Data Extraction & Cleaning:
We add the directory to the ‘path’ and read all the csv files and merge them under a single file ‘all_time_data’.
def main():
path = "./Telangana_Industries_TS_IPass"
files = [file for file in os.listdir(path) if not file.startswith('.')] # Ignore hidden files
all_time_data = pd.DataFrame()
for file in files:
current_data = pd.read_csv(path+"/"+file)
all_time_data = pd.concat([all_time_data, current_data])
all_time_data.to_csv("all_time_data_copy.csv", index=False)
return all_time_data
if __name__ == "__main__":
all_time_data = main()
‘all_time_data’ has 17282 rows and 18 columns.
all_time_data.shape
all_time_data.info()
all_time_data.describe( )
all_time_data.nunique()
We need to understand various investments, employees per year so we take the application date and rank these values by application dates.

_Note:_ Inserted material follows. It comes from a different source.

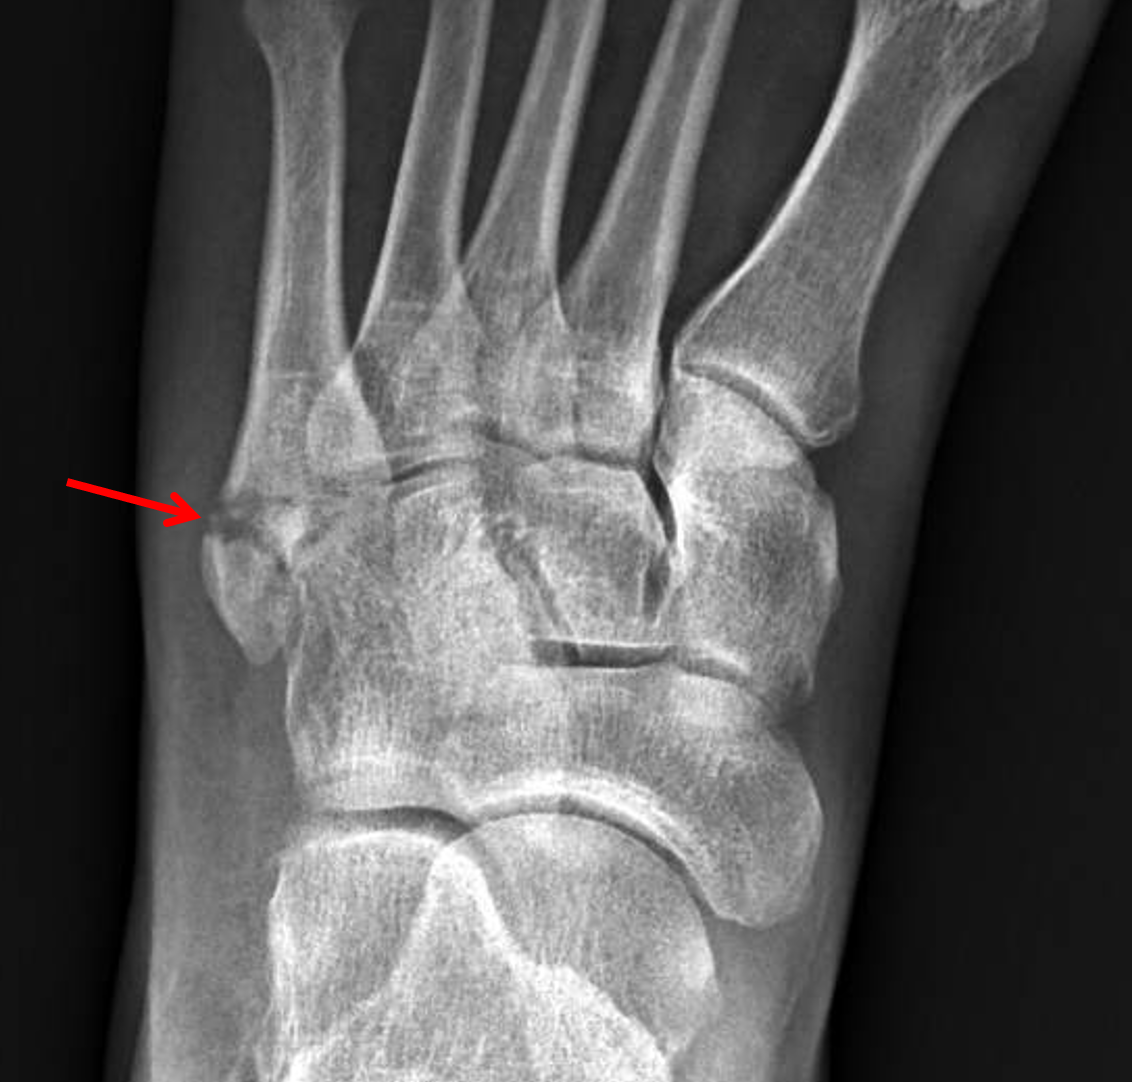 displaced 5th metatarsal fracture

all_time_data['application_date'] = pd.to_datetime(all_time_data['application_date'])
all_time_data['approval_date'] = pd.to_datetime(all_time_data['approval_date'])
all_time_data.sort_values(by='application_date', inplace=True)
all_time_data['Year'] = pd.to_datetime(all_time_data['application_date']).dt.year
Data Insights:
We need to answer the following questions:
- Sum of all employees, investment year wise ?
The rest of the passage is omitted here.